Шрифт:
Присутствующий при записи этого свидетельства психоаналитик 20 в тот же самый момент находит пункт наибольшего вытеснения, задавая иезуиту вопрос, почему ни тогда, ни потом он никому не рассказал об этом событии, почему он вытеснил его из своего опыта свидетеля. По мнению терапевта, вытеснение было вызвано не самим событием, а ситуацией наблюдения: непристойные обстоятельства подглядывания за чужим унижением через дырку в заборе, постыдное состояние пассивности, ощущение бессилия – иначе говоря, статус любопытствующего ротозея. На киноленте запечатлено долгое молчание свидетеля, которое наступило после заданного ему вопроса. «Внезапно перед нашими глазами он борется с глубокой памятью собственной пассивности, которую сегодняшняя актуальная память отчетливо осуждает и которую он теперь пытается объяснить самому себе, прежде чем будет в состоянии объяснить ее нам – и, точно так же как и раньше, он не может найти никакого объяснения» 21 . Лангер анализирует, как безопасная «сценичность», имевшая место в прошлом, оказывается нарушена во время сегодняшнего свидетельствования: забор и соответствующая дистанция по отношению к наблюдаемому событию перестают защищать, событие уничтожает дистанцию, поглощает наблюдателя, переносит из укрытия в самый центр происходящей сцены и приводит к кризису всех тех представлений о человеке, которые до этого момента определяли его жизнь. То, что человек оказывался в позиции наблюдателя Катастрофы и принимал правила театральности (в силу которой свидетель перестает быть свидетелем, становится зрителем и, таким образом, уже не обязан предпринимать какого-либо действия), имело необратимые последствия. Лангер видит только две возможности разрешения этого кризиса: или предшествующие представления о человечности окажутся полностью сокрушены, или кристаллизируются в форме иллюзий, поддерживаемых вопреки реальности пережитого опыта. Все это, однако, не объясняет, что склонило венгерского иезуита принести свидетельство. Мы не узнаем также, почему для описания позиции bystanders исследователь выбрал именно это свидетельство (это единственное свидетельство наблюдателя, которое он анализирует). Можно только догадываться, что особое значение имел для него факт, что речь шла о священнике, представителе католической церкви.
20
Присутствие психоаналитика входило в стандартную процедуру записи свидетельств для Fortunoff Video Archives for Holocaust Testimonies в Йельском университете – именно оттуда Лоренс Л. Лангер брал свидетельства для своего анализа.
21
Langer L. L. Holocaust Testimonies: the Ruins of Memory. New Haven; London: Yale University Press, 1991. P. 31.

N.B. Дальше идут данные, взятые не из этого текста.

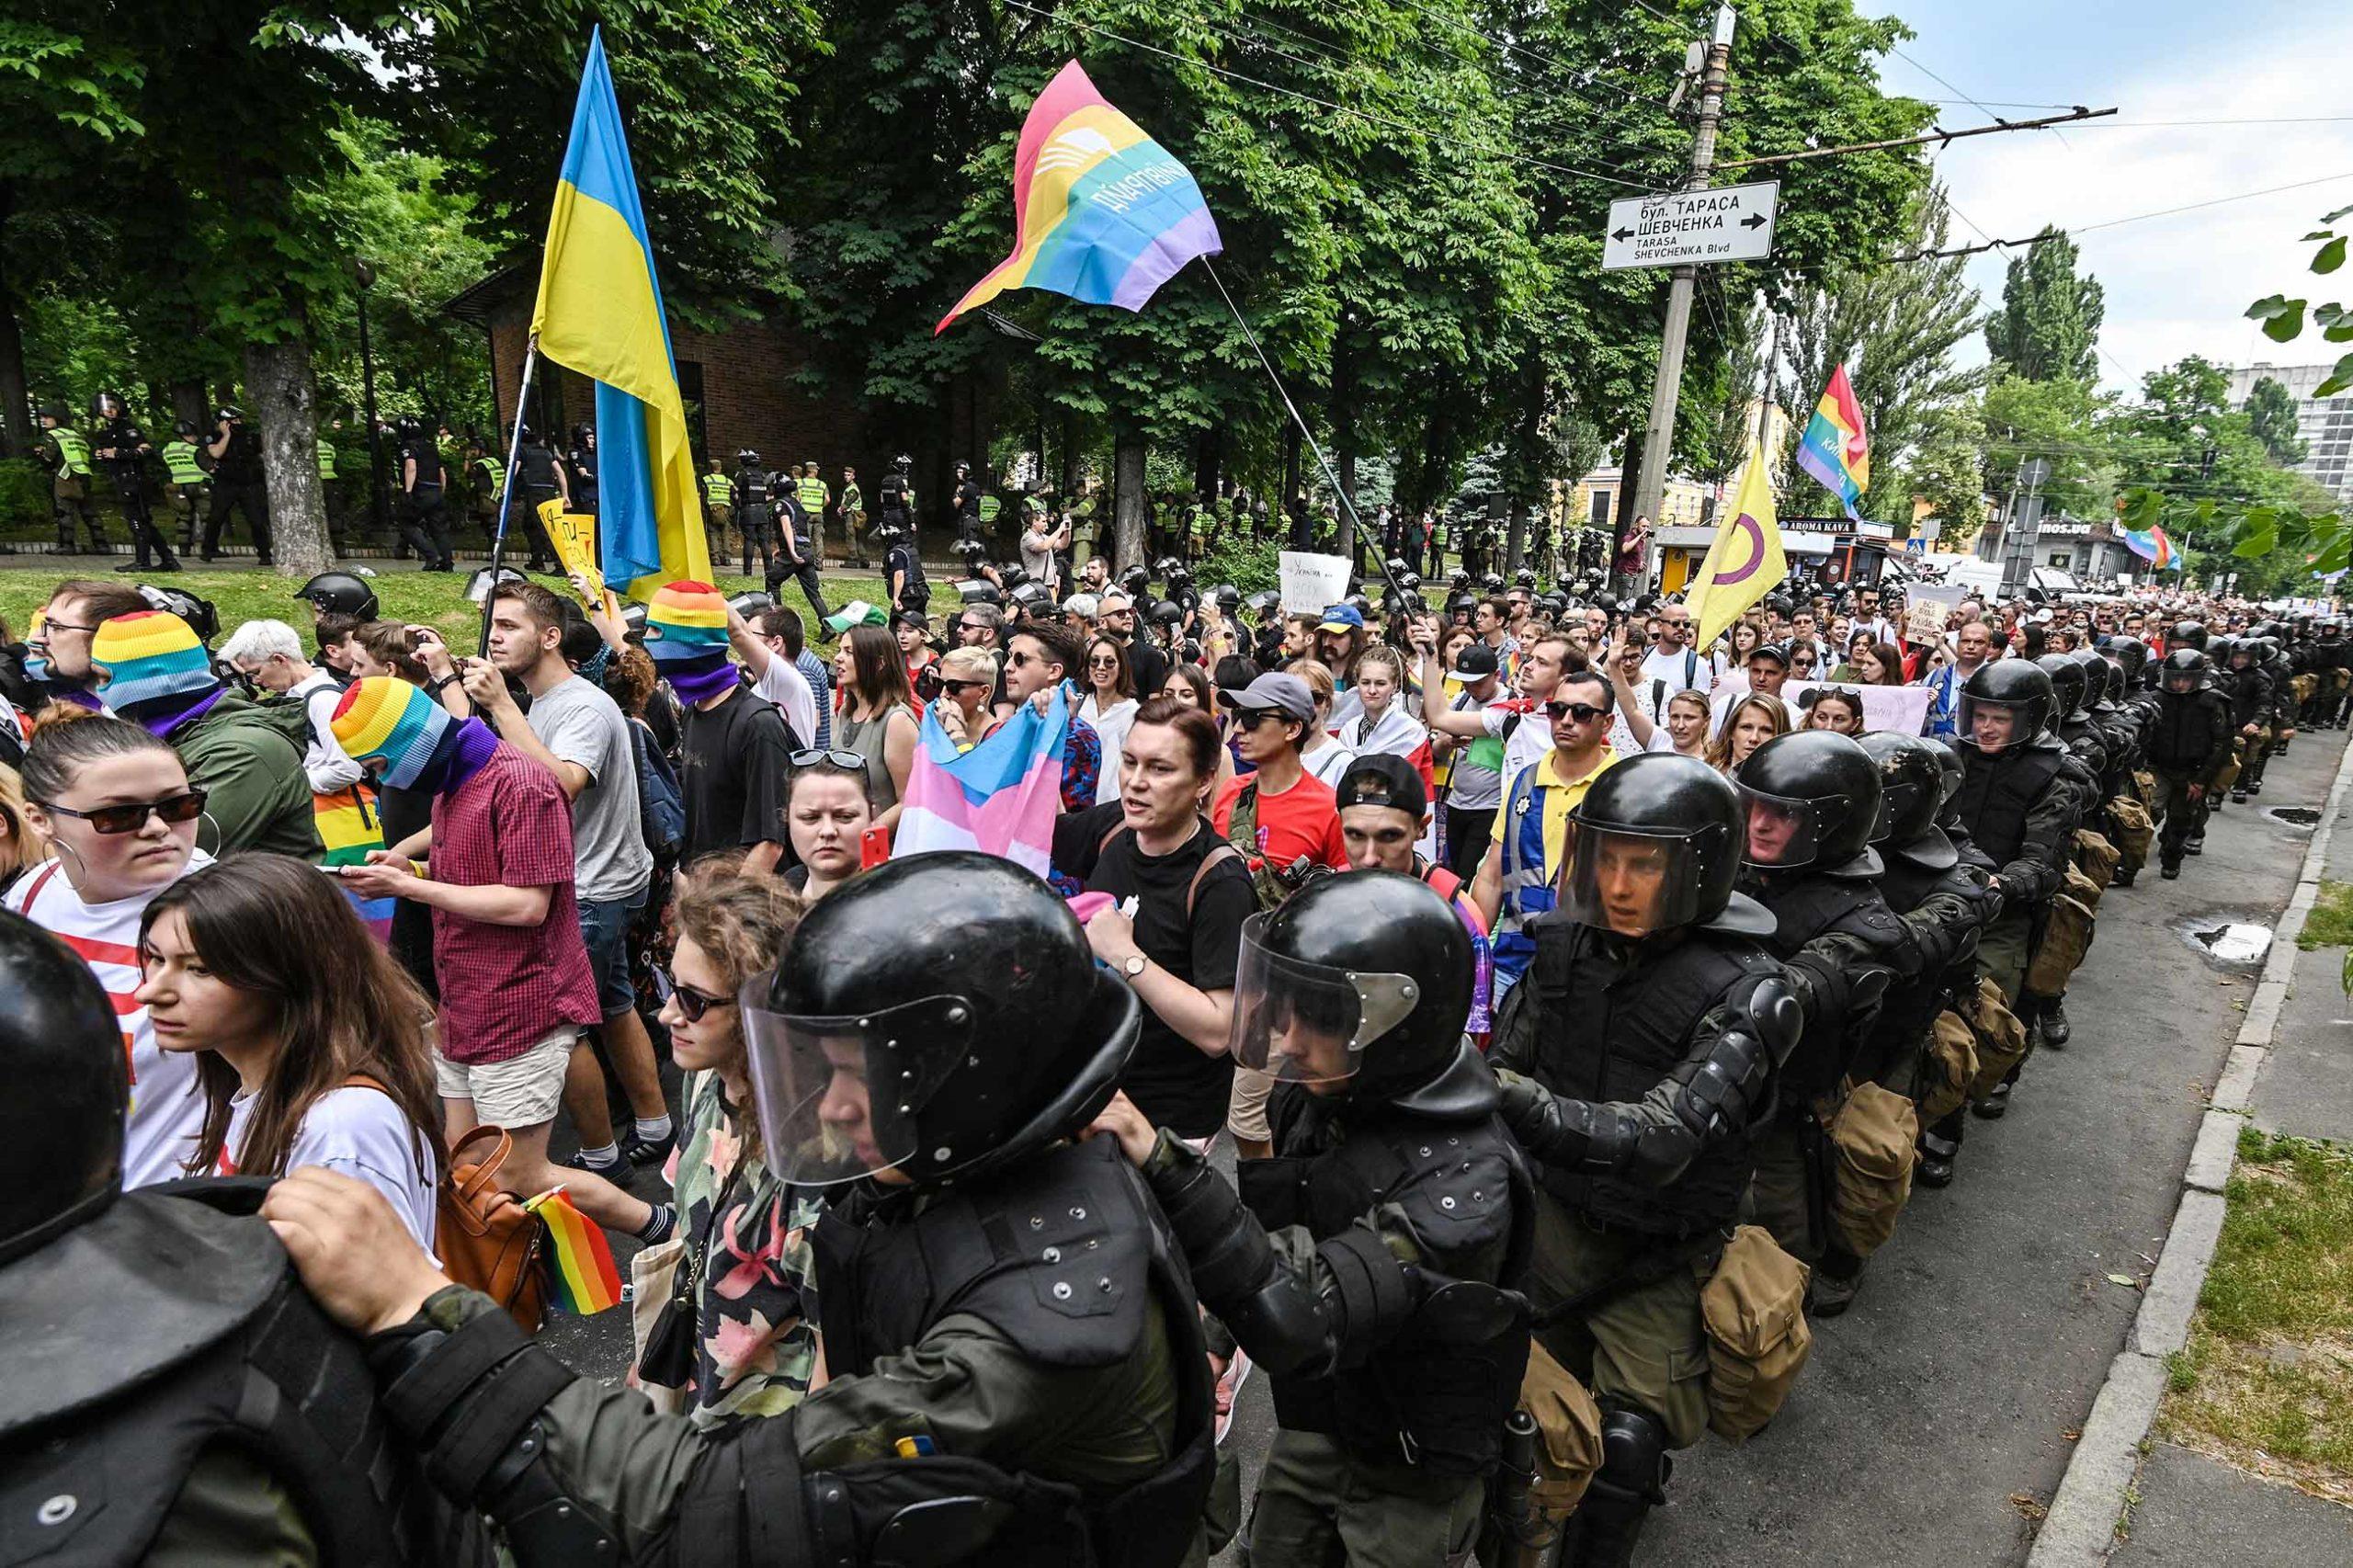 gettyimages 1151578011 scaled - <b>«Донбас-квір».</b> Як активіст із Бахмута дав голос ЛГБТ-спільноті Донбасу - Заборона

Как утверждает Элейн Скерри в книге «The Body in Pain», не только человек, которому причиняется боль, утрачивает языковой инструментарий описания своей ситуации; то же происходит и с очевидцем его мучений – стабильные рамки восприятия мира ослабляются, расшатываются. Боль, прежде чем полностью уничтожить силу языка, колонизирует ее. Отсутствие адекватных инструментов для описания приводит к тому, что свидетель чужого мучения готов принять описания, которые предлагают ему власти или «священнослужители разгневанного Бога» 22 . Благодаря чужой боли власти обосновывают свою идеологию, наполняя ее реальностью чужого опыта, а «священнослужители разгневанного Бога» представляют то наполненное болью событие, которое человеческий разум отказывается себе присвоить, – как проявление «высшей морали» божественного порядка.
22
Scarry E. The Body in Pain. The Making of Unmaking of the World. New York; Oxford: Oxford University Press, 1985.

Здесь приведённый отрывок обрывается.